Those videos are embedded below, and while the machine isn’t quite restored yet, progress is promising. We’ve seen easy and effective upgrades for such CNC machines before, but if you happen to be in more of a repair and restore situation, give [joekutz]’s work a look because it might just save you some time and frustration.


46 thoughts on “Impulse Buying A 3040 CNC Machine, What Could Go Wrong?

    1. 3020, 3040 and 6040 CNC mills are the same design. And there are many brands made in one OEM factory…

      GRBL is nice, I had it with 3018 mill, which was made of aluminum extrusions. The only issue was PC side software, bCNC. It convinced me that one should never use Python for anything serious or advanced. Just compare it with Mach3, which is much more advanced but can run on 25 years old hardware.

      1. You should probably ask for a refund on bCNC if you don’t like it. Personally I think it’s great, and an excellent match for grbl.

        Mach3 on the other hand is an entirely different beast. Either you are being disingenuous, comparing it with grbl, or you don’t know what you are talking about. The reason it runs on 25 year old hardware is because it needs the antiquated obsolete LPT port to work. And you have to pay for it.

        By all means compare like with like, but don’t try to compare two things that are quite different.

      2. No! they are definitely not all the same design. Every Chinese chopshop throws together some parts to bake their own variant. And though the cheapest variants often resemble each other, there are also a bunch of quite different and better designs.

        And often you sort of get what you pay for. For example there are anodized blue variants, which cost around EUR1200 and these have much better square linear rails, although they are still a clear compromise on quality to keep the price down. For example they use only one bearing block for each rails, and even among these blue versions I see differences in the way they are built on the photographs.
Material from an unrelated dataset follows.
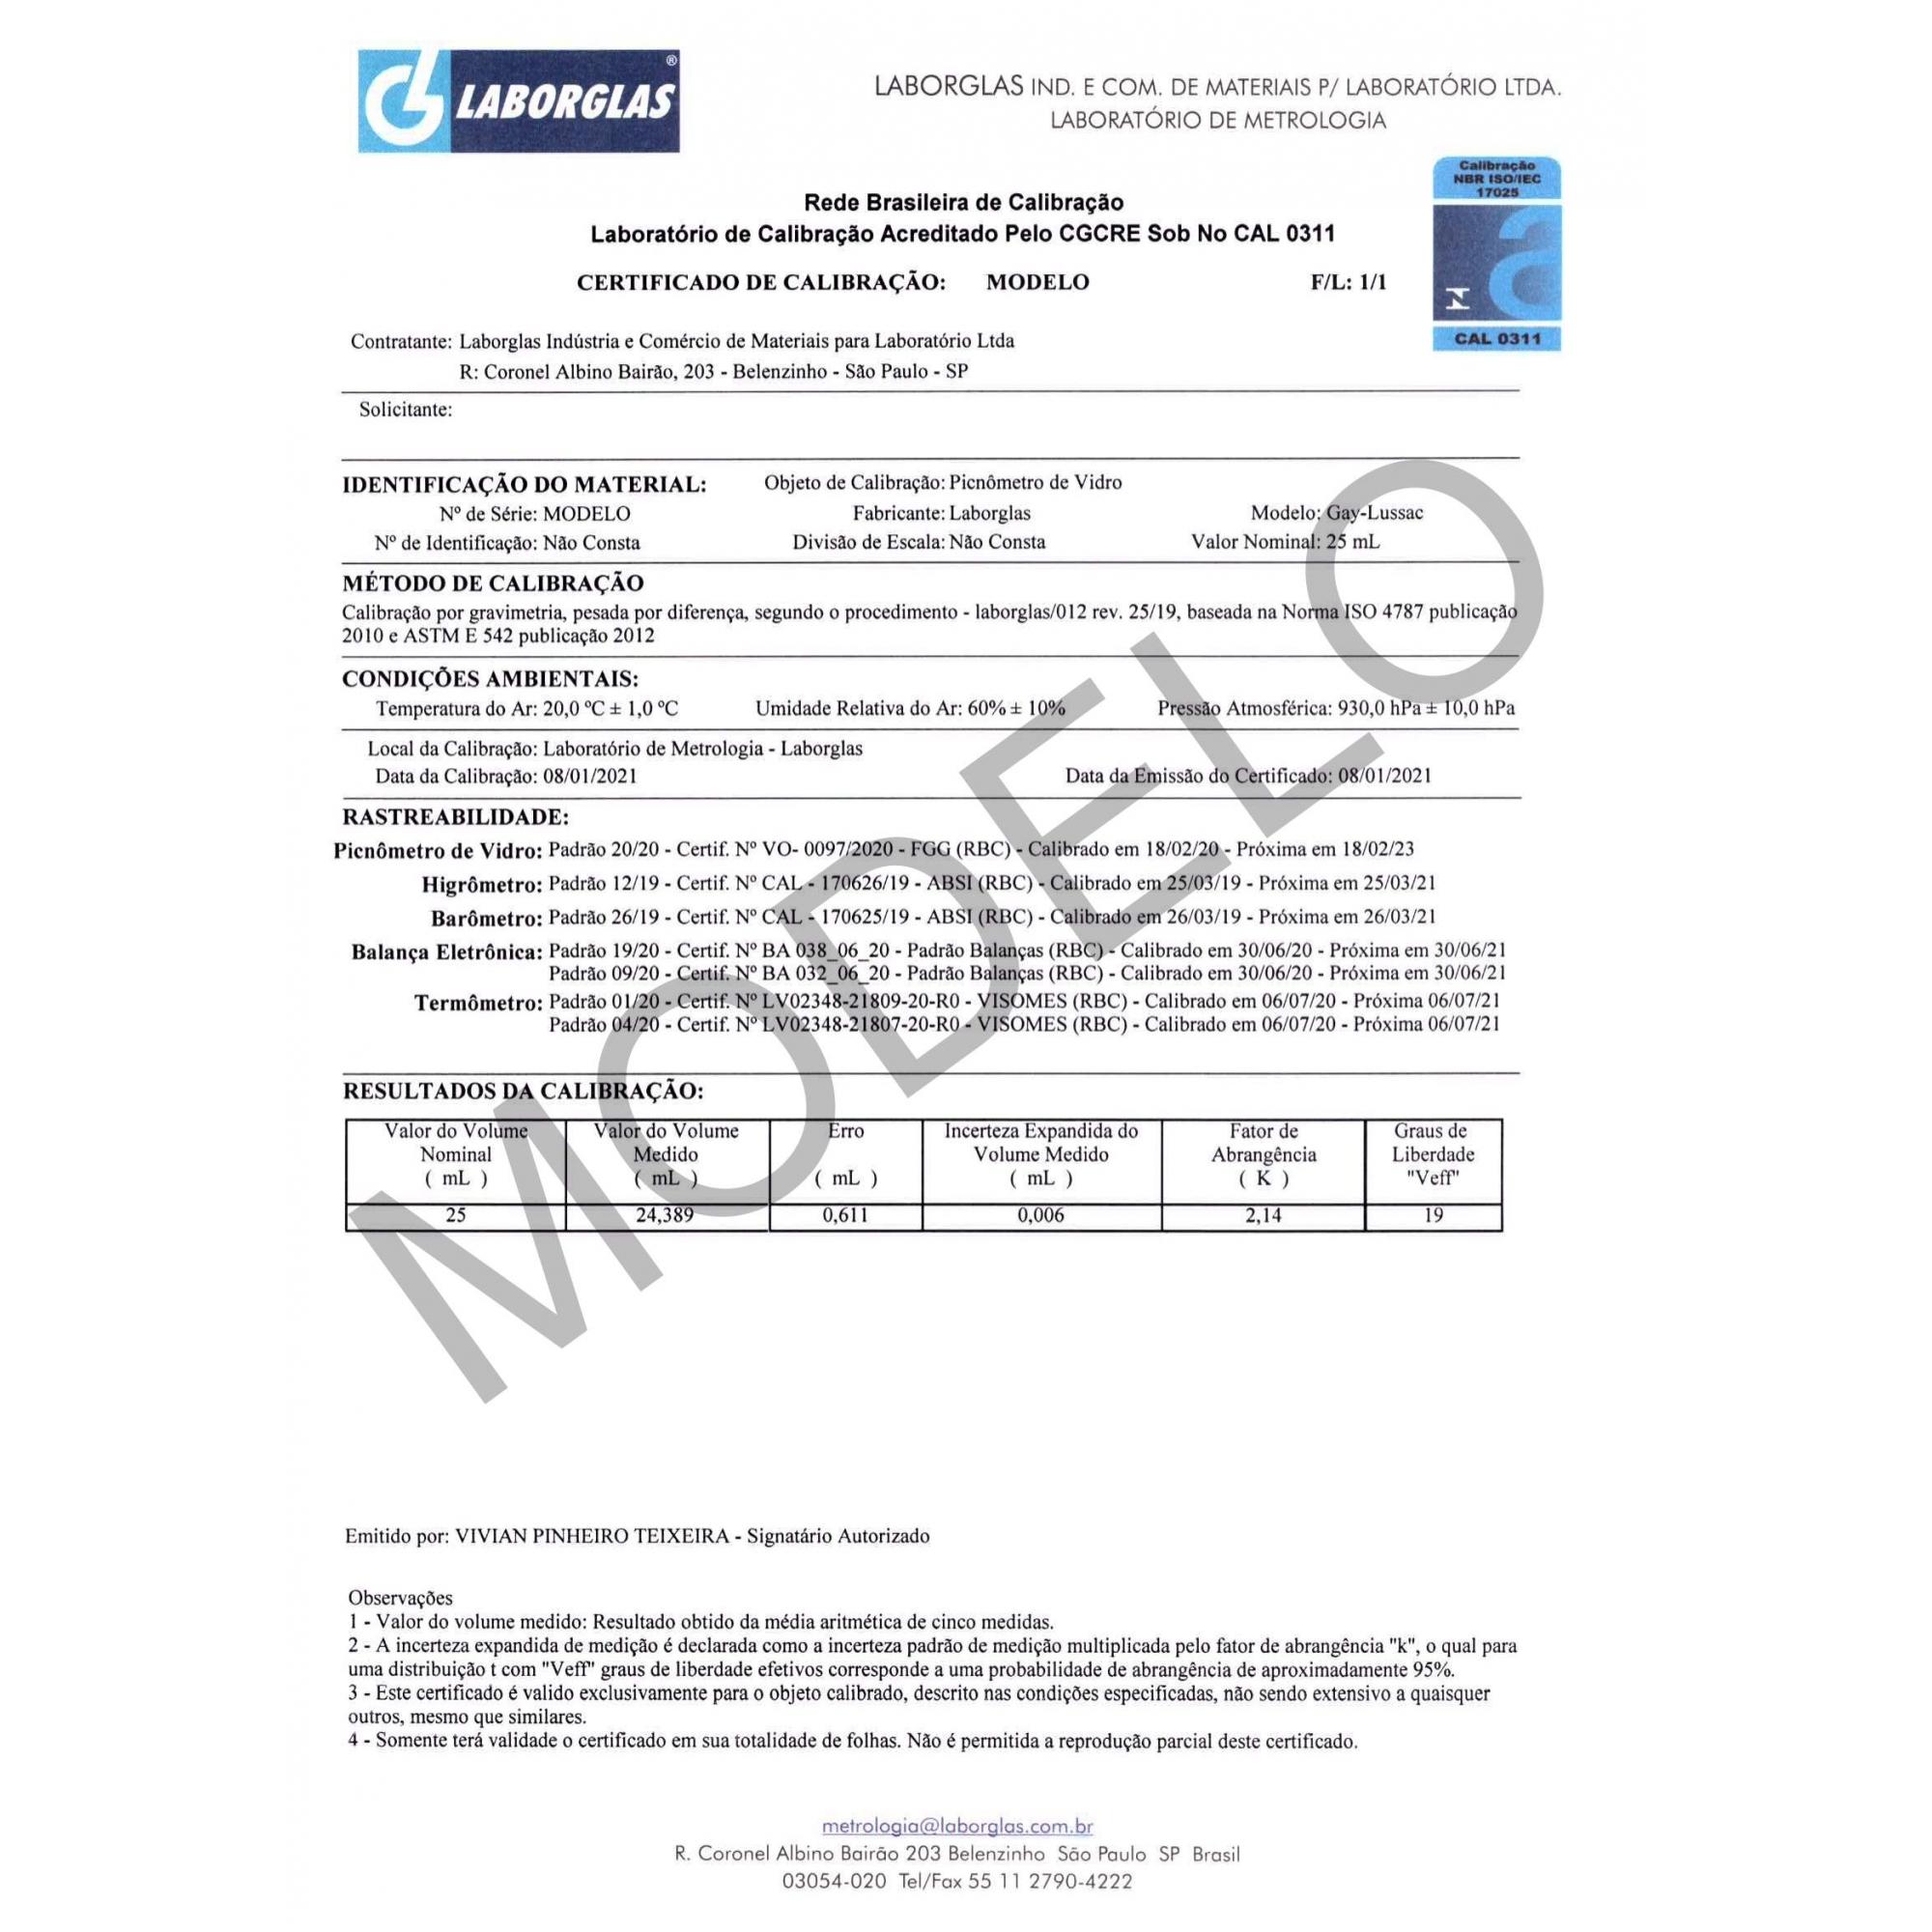 PICNÔMETRO GAY-LUSSAC SEM TERMÔMETRO 10 ML CERTIFICADO RBC - Laborglas - Cód. 9491108-R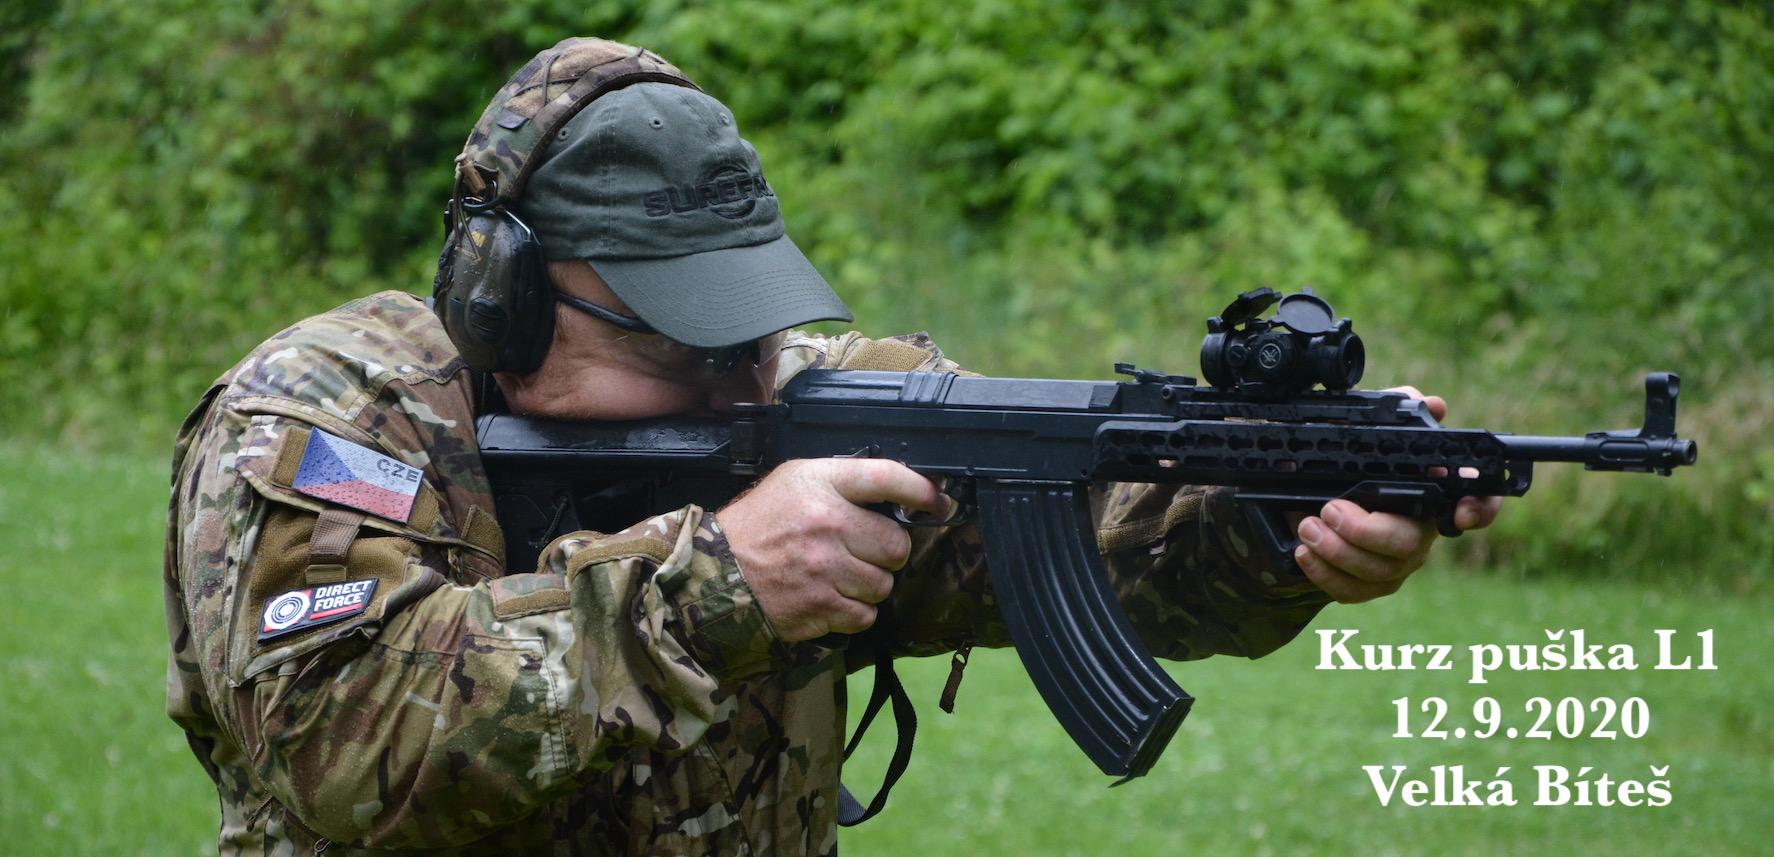 Kurz puška L1 dne 12.9.2020

        1. Fully Agreed! Mine is definitely on the low end of that spectrum: Too thin round shafts (deflection measurements in video no. 4 :) ) instead of linear square rails, nylon nuts instead of ball screws, under-designed metal frame. And a spindle of unknown power.

  1. One would think after this much work, you’d just go splurge the extra money on a better CNC.

    But one good thing about these videos – besides the excellent repair knowledge – is now I don’t have to buy a 3040 to know they’re crap.

      1. I know the sellers call it engraver, I guess to reduce expectations of buyers. The construction is indeed not made to cut let’s say aluminium (I will try later, regardless), but cutting wood, plastic and FR4 etc. will work fine.

    1. As someone else said there are lots of manufacturers. I have a 11 year old one and its brilliant. Some have basic leadscrews like this one, mine has ballscrews etc. I have a few different cnc machines and my 3020 is very reliable.

  2. I have 3020 with USB controller board. I managed to burn out the 300W spindle motor. Then I replaced all the wiring with thicker one with shielding. I have to repair wiring again, because my kids, Ada and Tavi, managed to break it…

    One of the mods I did was a probe connector for my (failed) attempts to autolevel for PCB cutting. I gave up on that pretty early and now I order my boards from China. Still, metal engraving would be fun…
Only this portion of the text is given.